'''

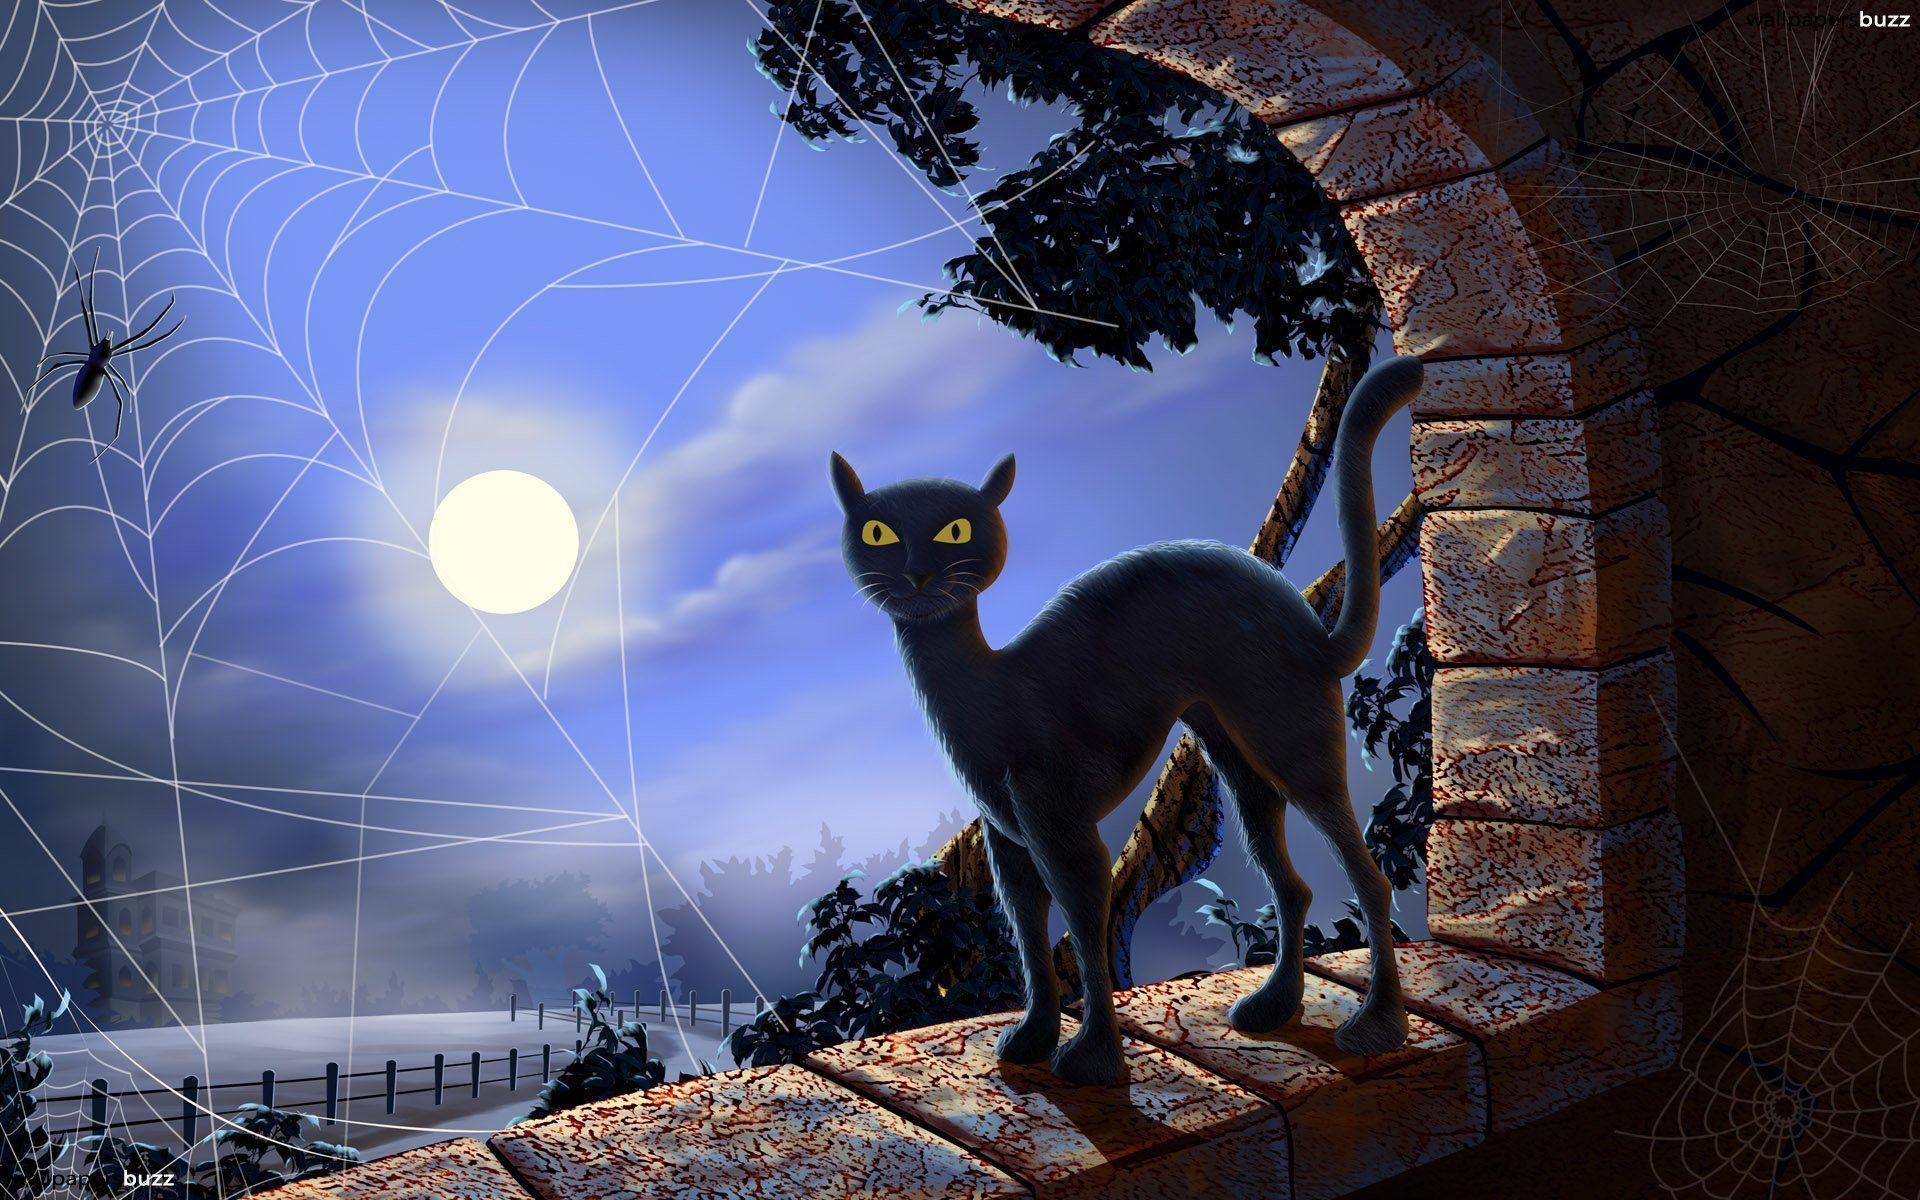 Halloween Cat Desktop Backgrounds 1
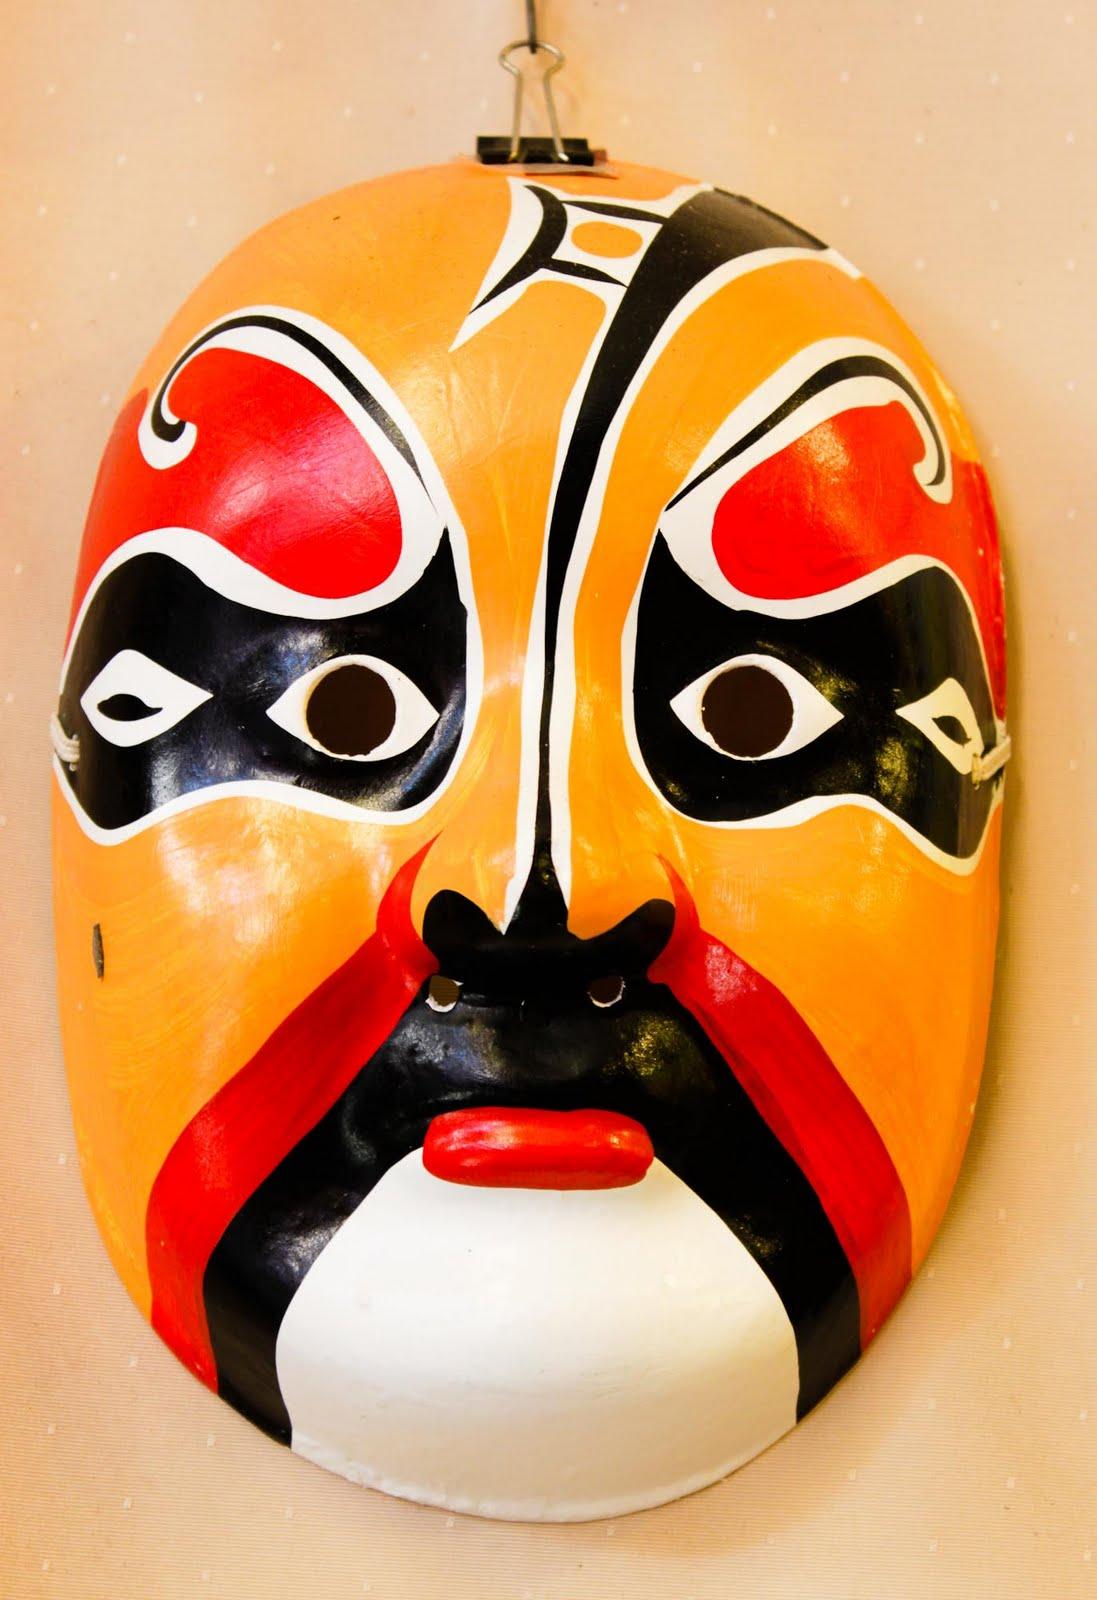 Chinese mask | FREE PHOTO
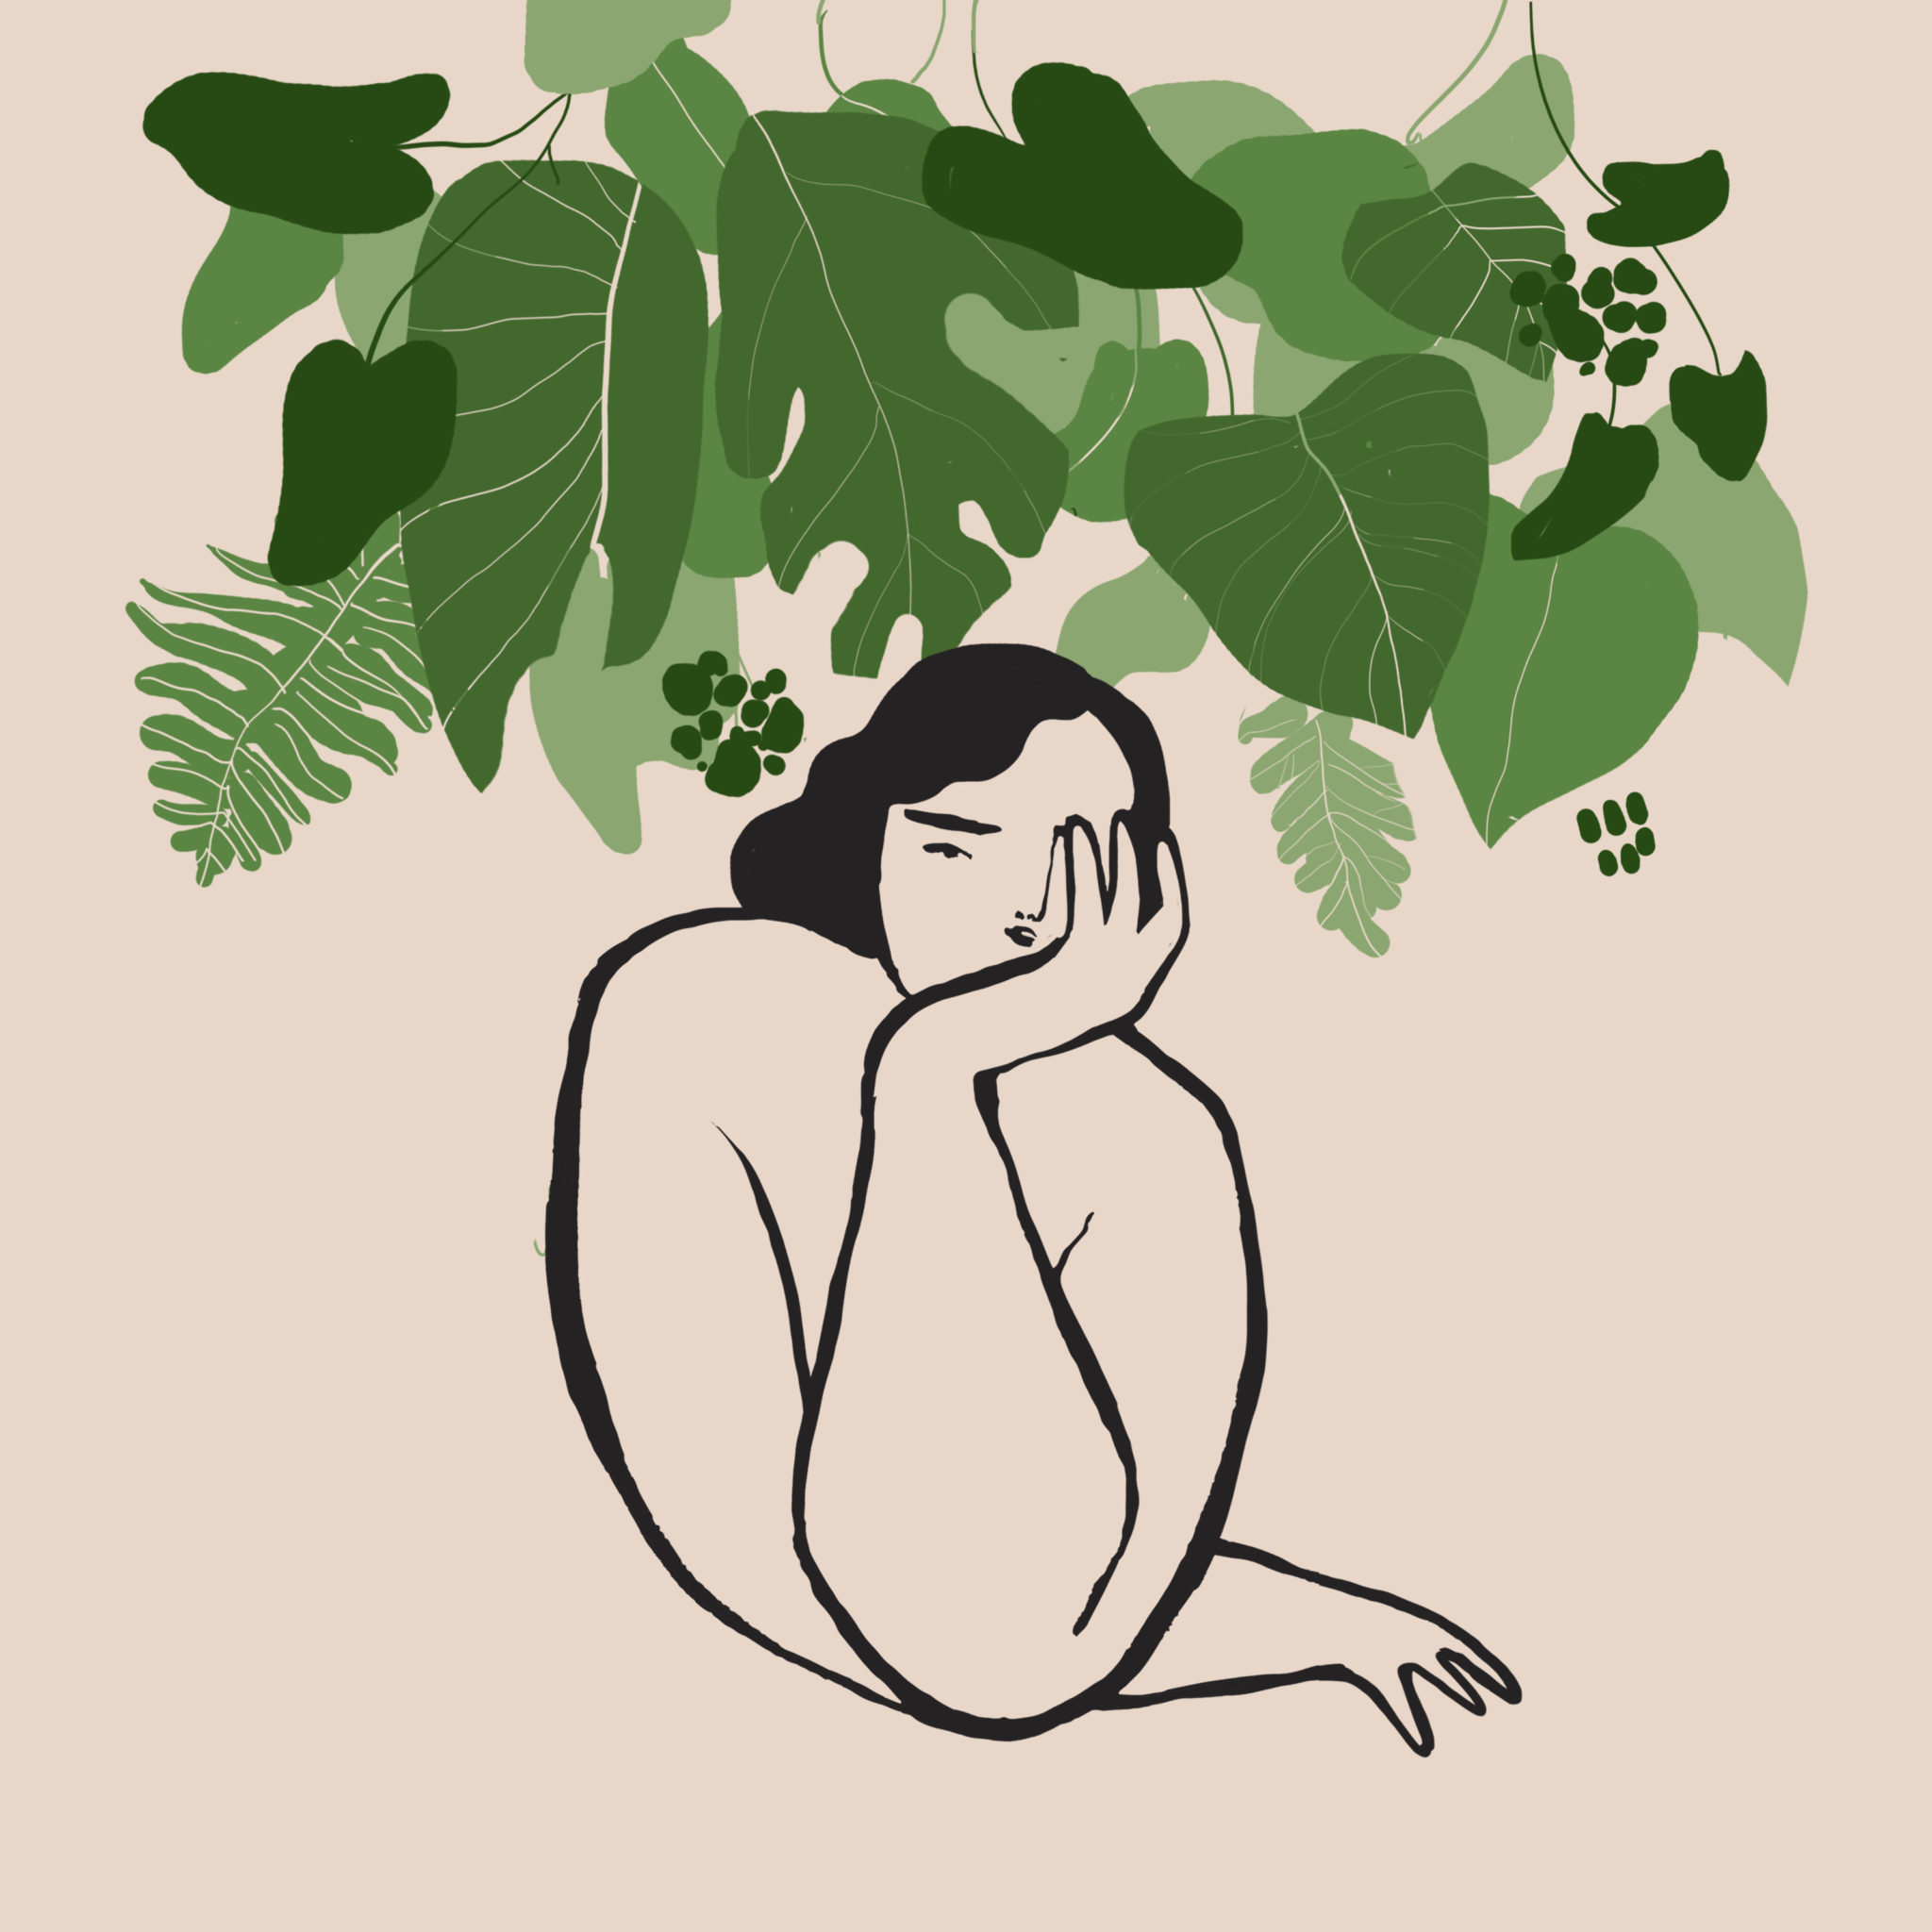 Na zdjeciu widzimy ilustracje nagiej kobiety o rubensowskich ksztaltach w pozycji zamyslonej nad nia widzimy mnostwo zielonych lisci

'''

** PROBLEM REQUIREMENTS **
Take the listing above and retype it exactly. Its pictures are to be omitted.

** SOLVED PROBLEM **
 Halloween Cat Desktop Backgrounds 1
 Chinese mask | FREE PHOTO
 Na zdjeciu widzimy ilustracje nagiej kobiety o rubensowskich ksztaltach w pozycji zamyslonej nad nia widzimy mnostwo zielonych lisci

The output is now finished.